Recorded data:
+ + + + +
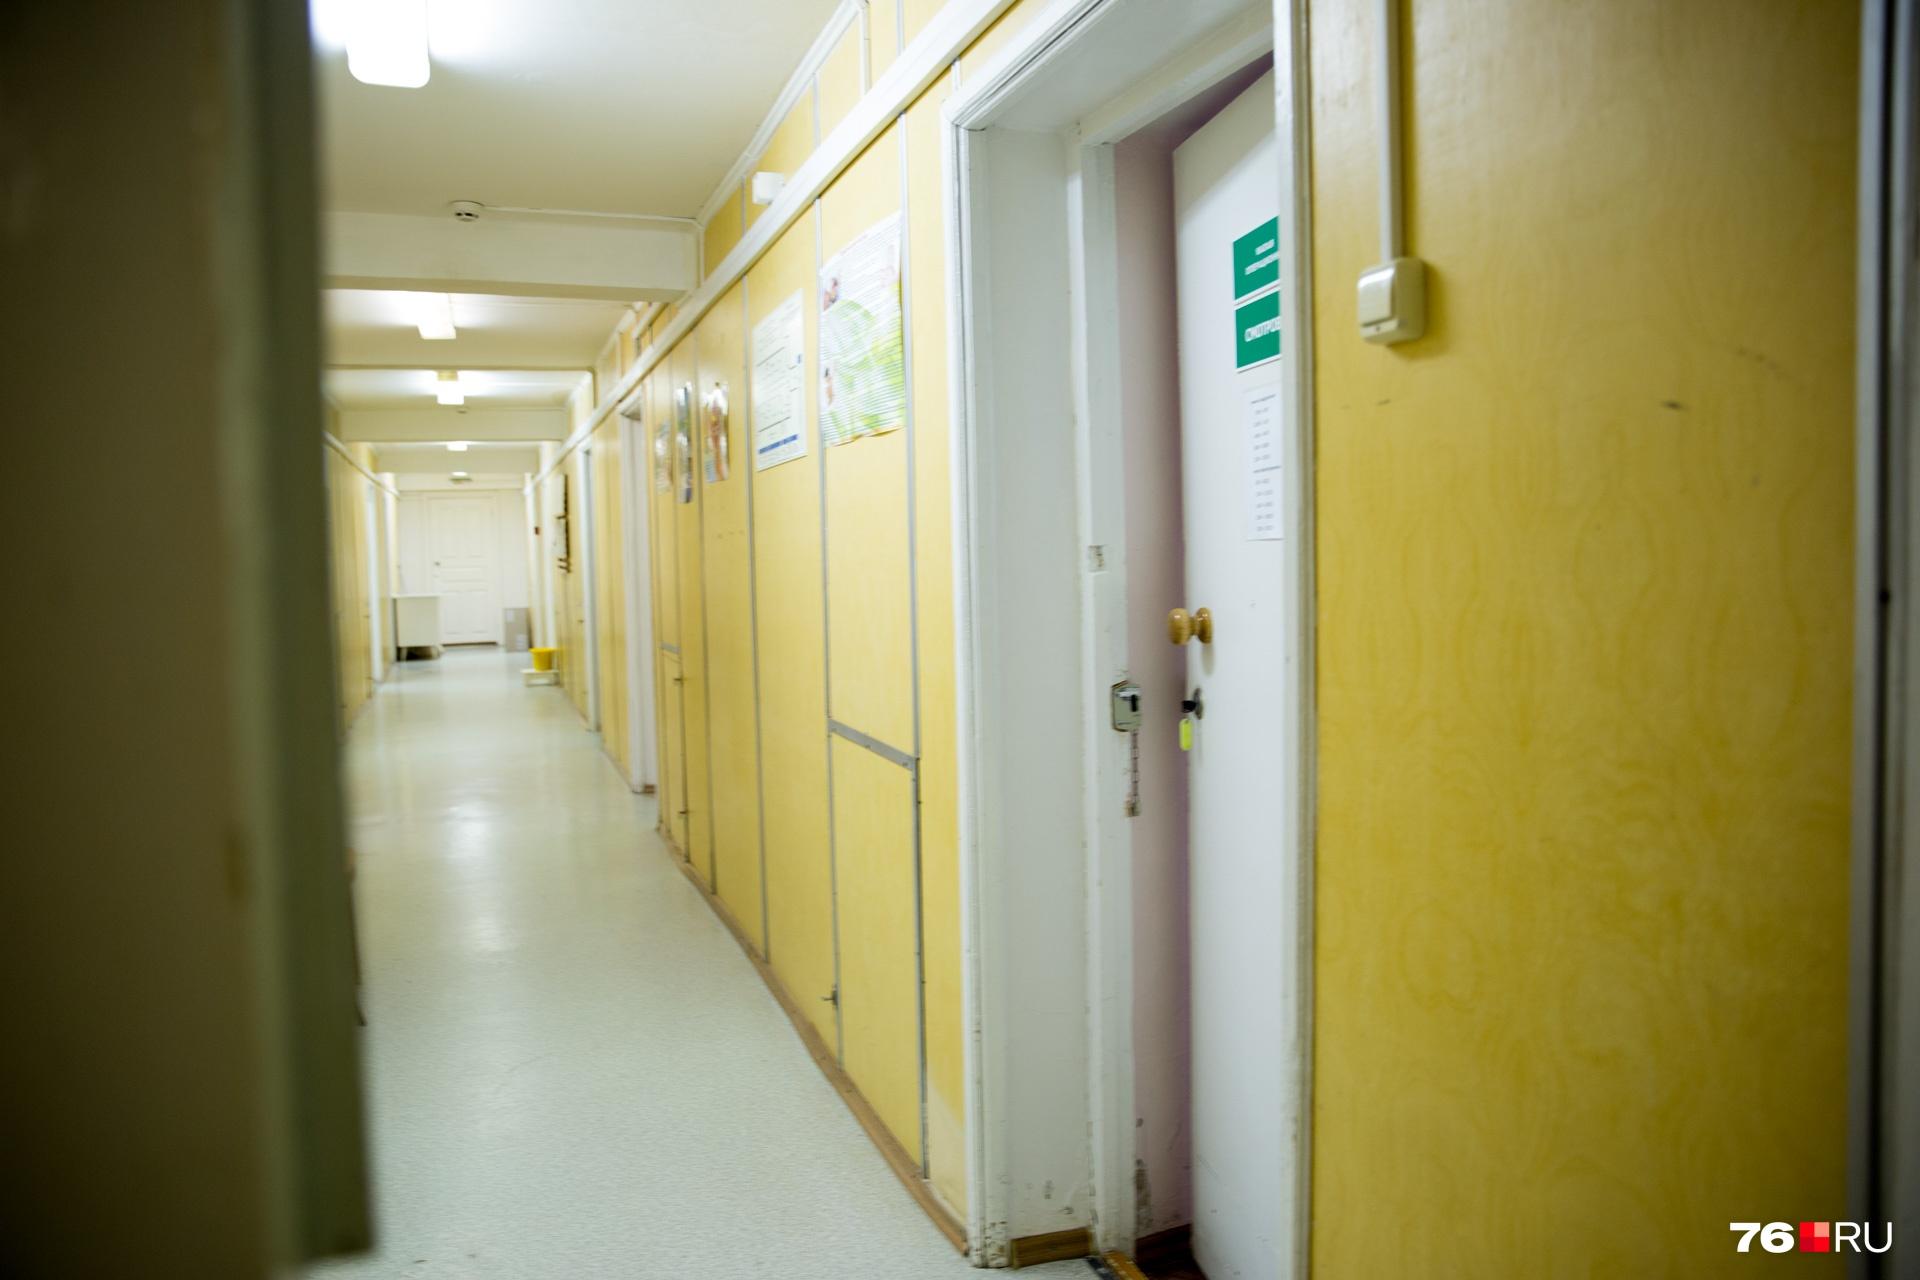 Многие меняют решение ,сидя в коридоре перед дверью врача
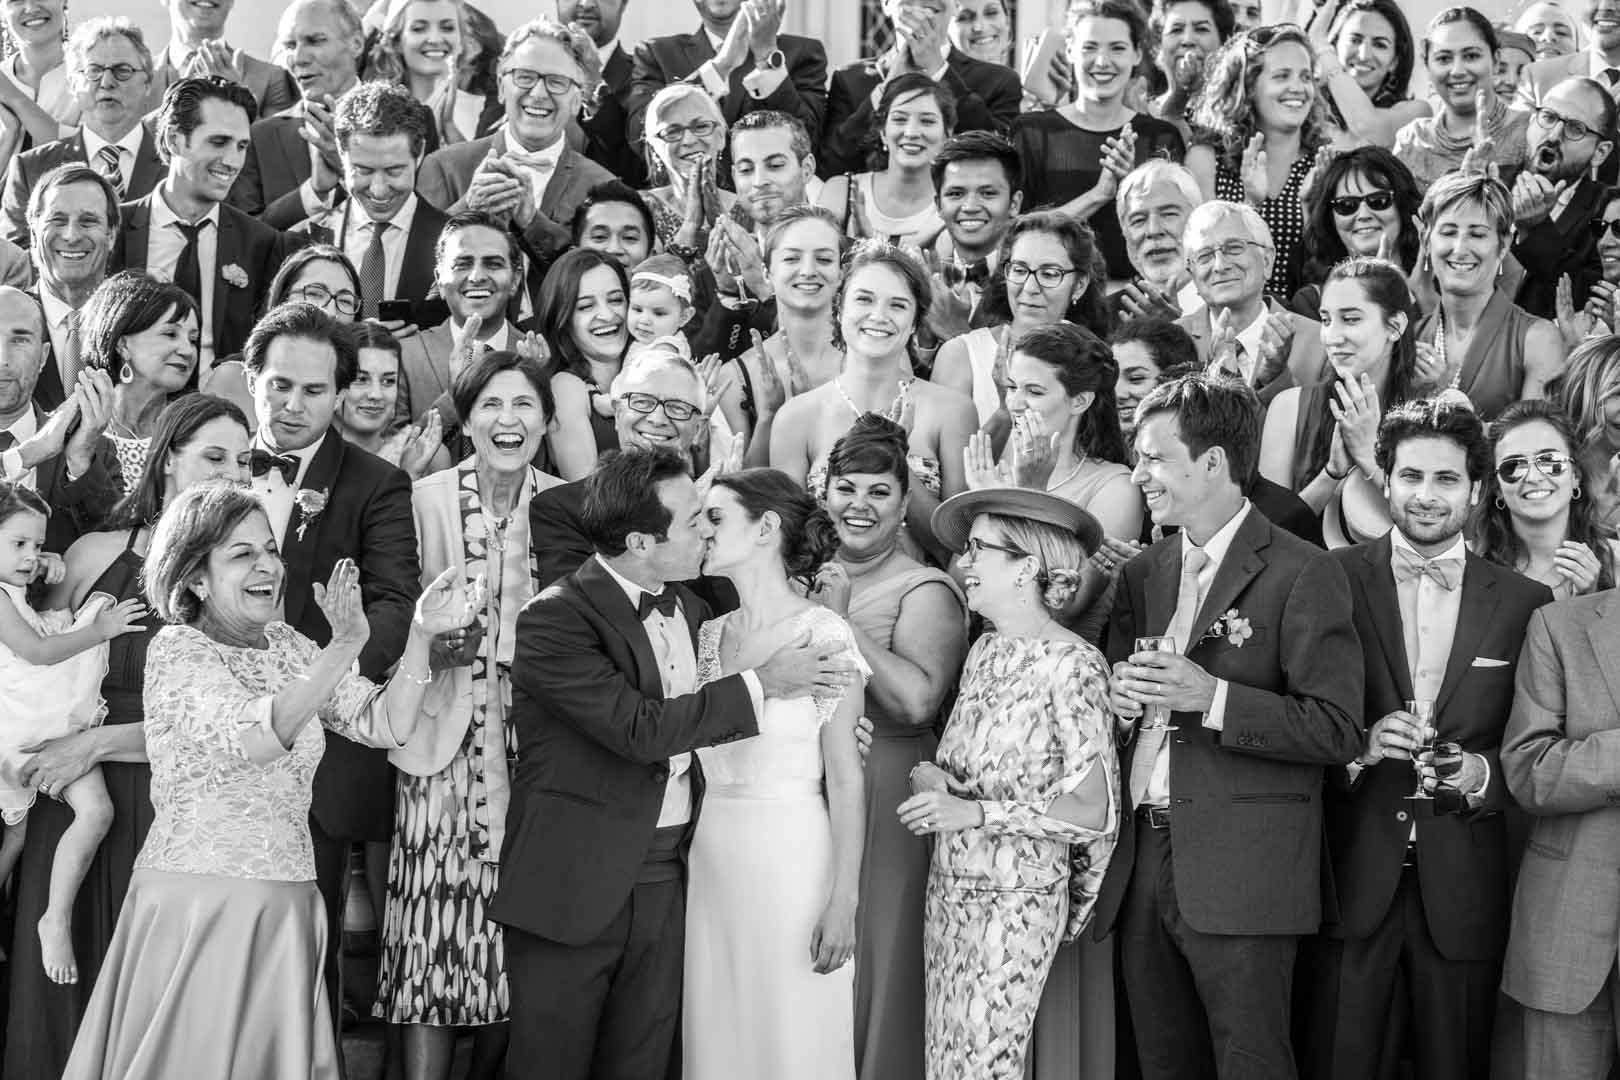 Photo de groupe, les mariés s'embrassent en premier plan. Mariage au chateau du Pape Clément à Bordeaux
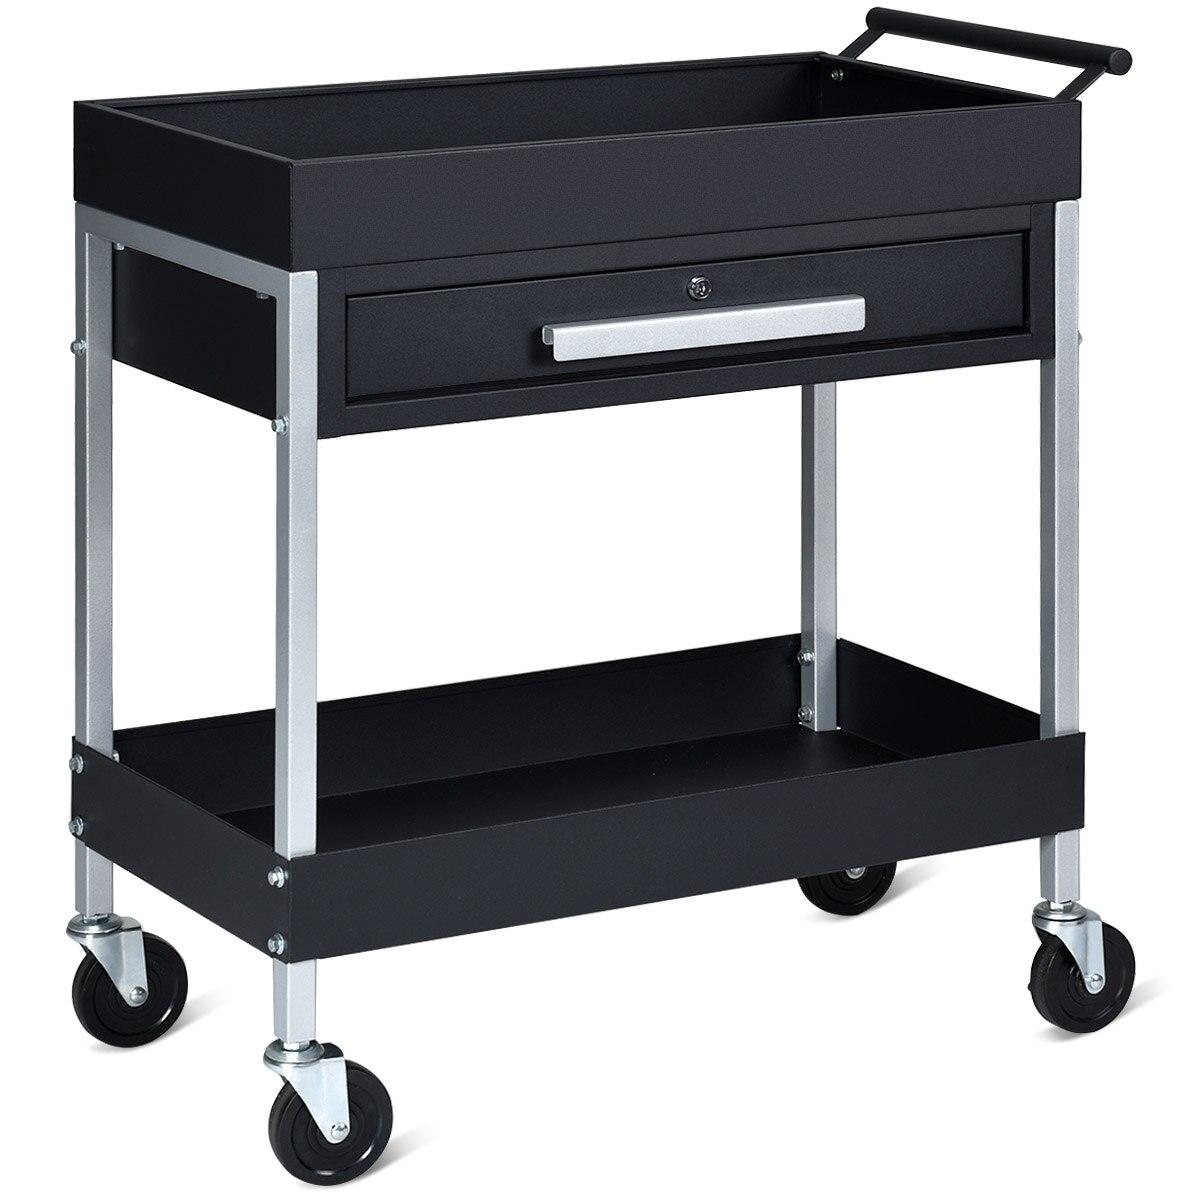 Carro de herramientas de 2 estantes carrito DE SERVICIO PESADO con cajón de bloqueo y ruedas
+ + + + +
Problem to work on: Give the data again word for word, without pictures.

Reply:
 Многие меняют решение ,сидя в коридоре перед дверью врача
 Photo de groupe, les mariés s'embrassent en premier plan. Mariage au chateau du Pape Clément à Bordeaux
 Carro de herramientas de 2 estantes carrito DE SERVICIO PESADO con cajón de bloqueo y ruedas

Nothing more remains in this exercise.